Os canais noticiosos transmitem horas e horas de emissão em direto, sem cortes, da AR TV, e têm diariamente políticos a comentar a actualidade política. Assistimos assim a discussões intermináveis sobre o tom com que Passos falou ao Durão, ou sobre a gravata que o Sócrates usou quando disse qualquer coisa ao Costa, ou sobre o que se passa na cabeça do Seguro. Apesar do risco de irritar todos os obcecados da política que conheço, tudo isto me parece um monte de treta desinteressante, que só serve para nos fazer esquecer o que é importante.

A política reina na televisão, na imprensa, em toda a media durante 24 horas por dia, graças aos obcecados da política entre editores, jornalistas, colunistas e bloguistas, que querem catalogar e comentar cada conversa, cada evento e cada palavra dita pelos políticos, e cada palavra escrita ou falada pelos outros comentadores. O resultado disto é uma torrente que se alimenta com todas as tretas e infinitas reportagens, análises, comentários, debates, entrevistas e palestras sem sentido, todos os dias.

Demasiado do que ouvimos e lemos não tem, de facto, nada a ver com os assuntos que motivam a política, coisas como a economia, a pobreza, a desigualdade, a guerra, etc., etc., etc. Em vez disso, quase tudo tem a ver apenas com a política em si mesma, com os políticos, com as máquinas da política, com as personalidades e com os conflitos entre essas personalidades. Por vezes, parece que a política é a razão ser da humanidade. Os obcecados da política devem ser lembrados que isso não é verdade.

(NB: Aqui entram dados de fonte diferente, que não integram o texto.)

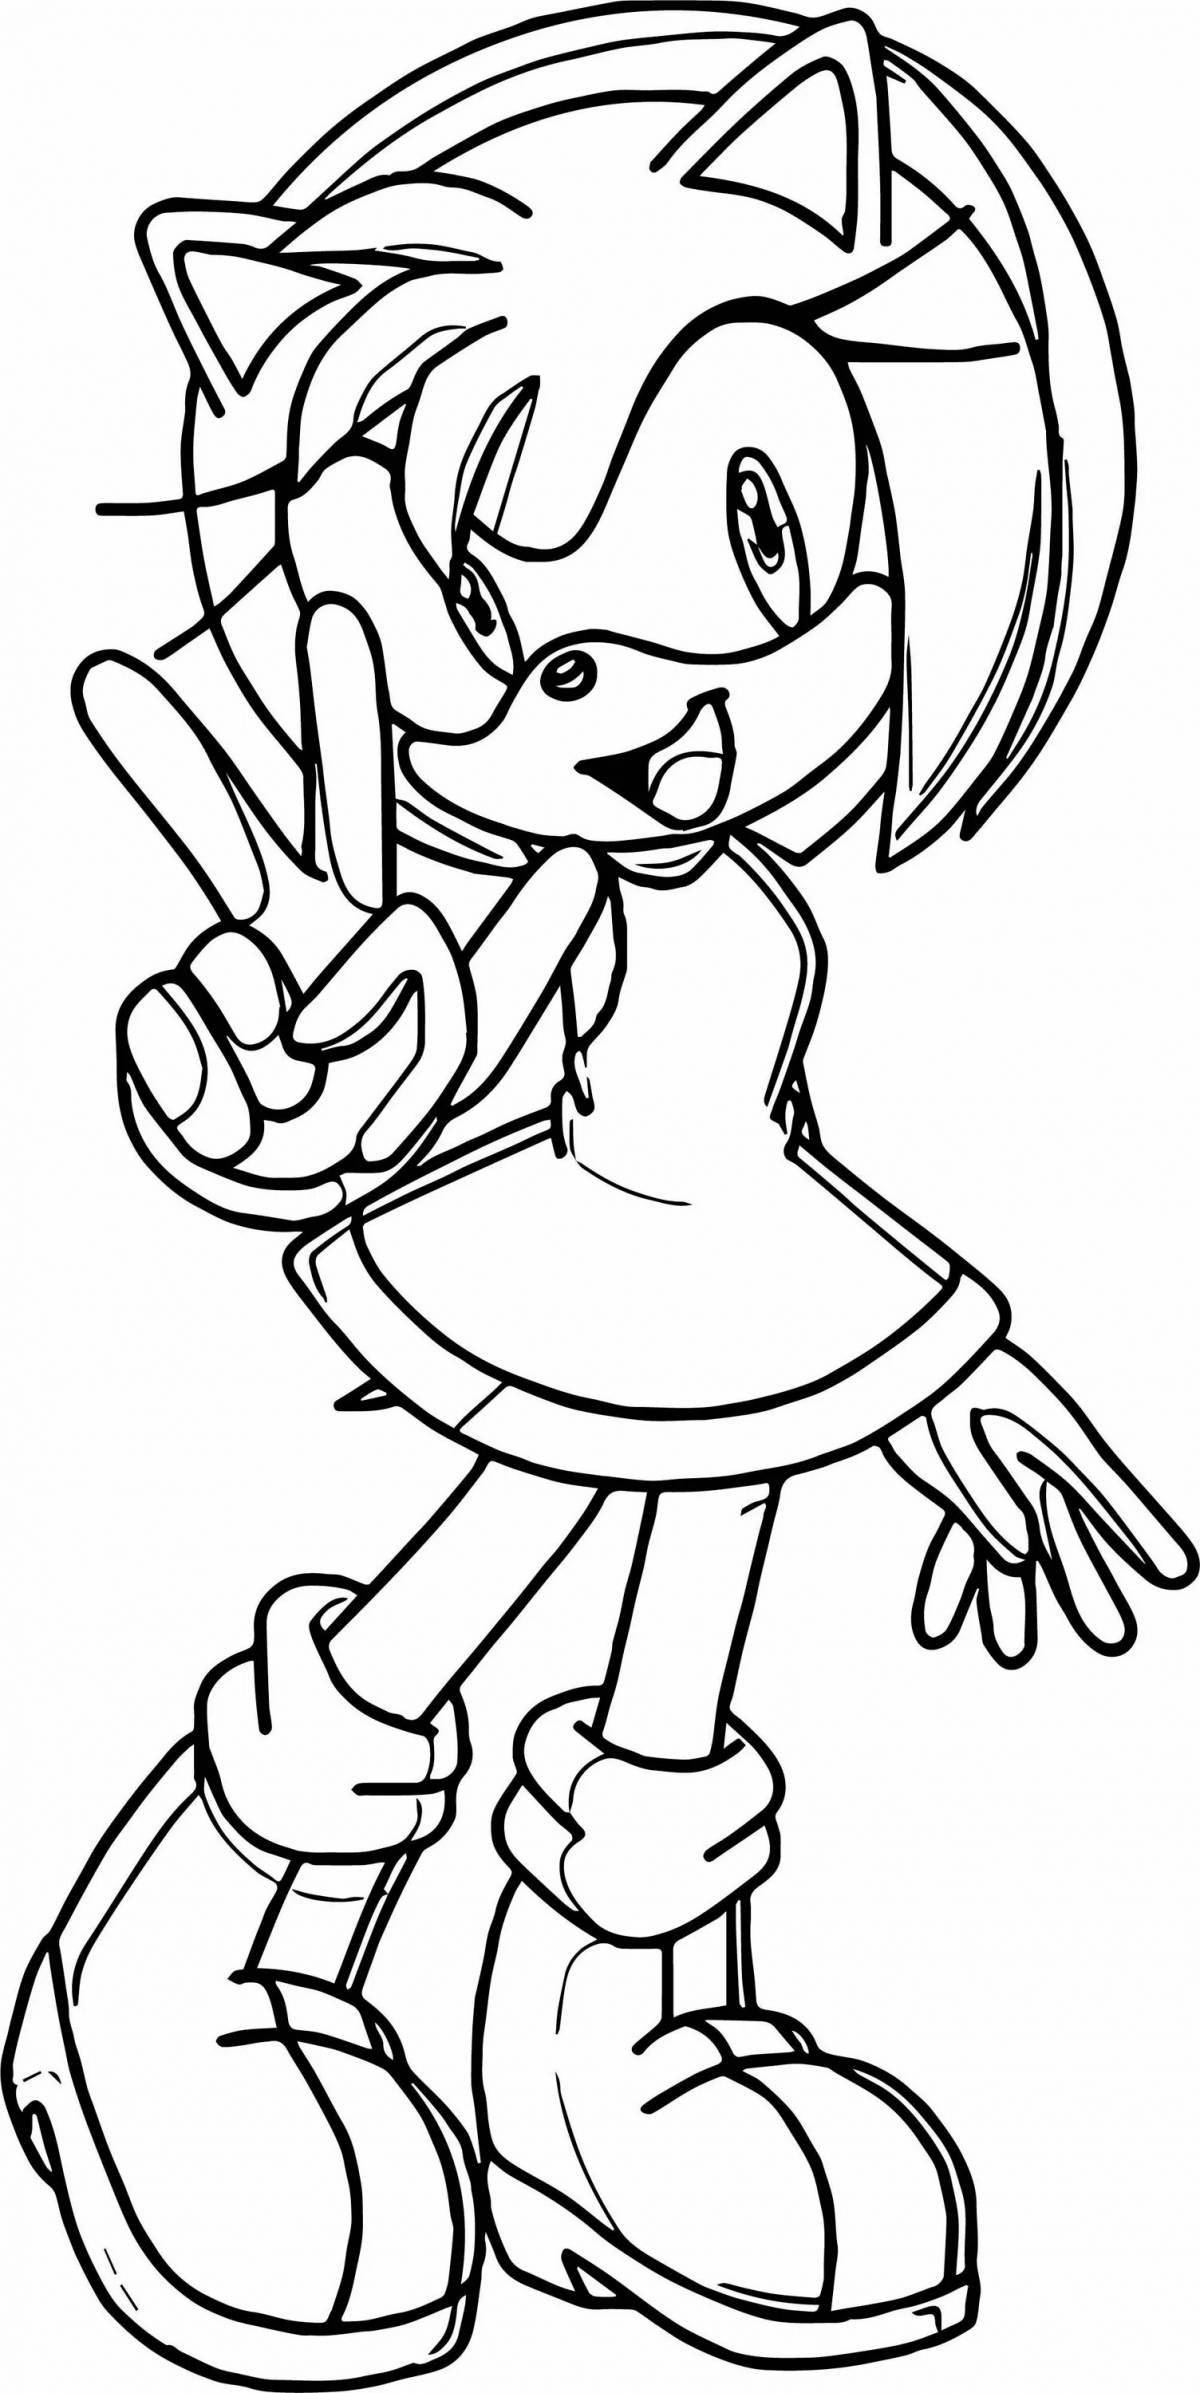 Sonic and amy rose shining coloring book

Eles esquecem-se que a política foi inventada para que as decisões possam ser tomadas numa quinta-feira a noite na cabana central da aldeia, de modo que a aldeia fique livre para utilizar o resto da semana a caçar esquilos e a tirar larvas do arroz. Com a ajuda dos obcecados da política, porém, a política tornou-se mais importante do que a aldeia.

Talvez alguns pensem que o resultado deste fluxo constante de comentário, análise e debate político seja uma população de eleitores bem informados e interessados. Receio, no entanto, que o resultado seja precisamente o oposto. Nós, “o público”, nunca conseguiremos manter-nos a par da conversa toda. Até porque, na sua maior parte, o que é escrito e dito não tem muita importância. Falta-nos tempo para peneirar todo o blá blá, de modo a encontrar as partes importantes. Temos vidas para viver e coisas para fazer, e, em consequência, acabamos por nos desligar do discurso político. E é assim que aparece este público de não-eleitores apáticos, todos a resmungar “que se lixe a política … são todos uma data de bandidos e de aldrabões.”

Pergunto-me se não seria bom restringirmos a análise política a um dia por semana. Não por mandamento, nem por censura (não fiquem já com comichão), mas para dar verdadeiramente importância à reportagem, análise e comentário político.

Não estou a sugerir que nos desliguemos, que deixemos de ouvir, perguntar e investigar, ou que nos desinteressemos do que fazem e dizem os políticos. Isso é o nosso trabalho enquanto cidadãos: prestar atenção. O que estou a sugerir é que seria importante que tivéssemos tempo para pensar, digerir e perceber as coisas que são mesmo importantes — os assuntos que motivam a política e não a política em si própria. Talvez assim estivéssemos mais inclinados para ouvir os políticos.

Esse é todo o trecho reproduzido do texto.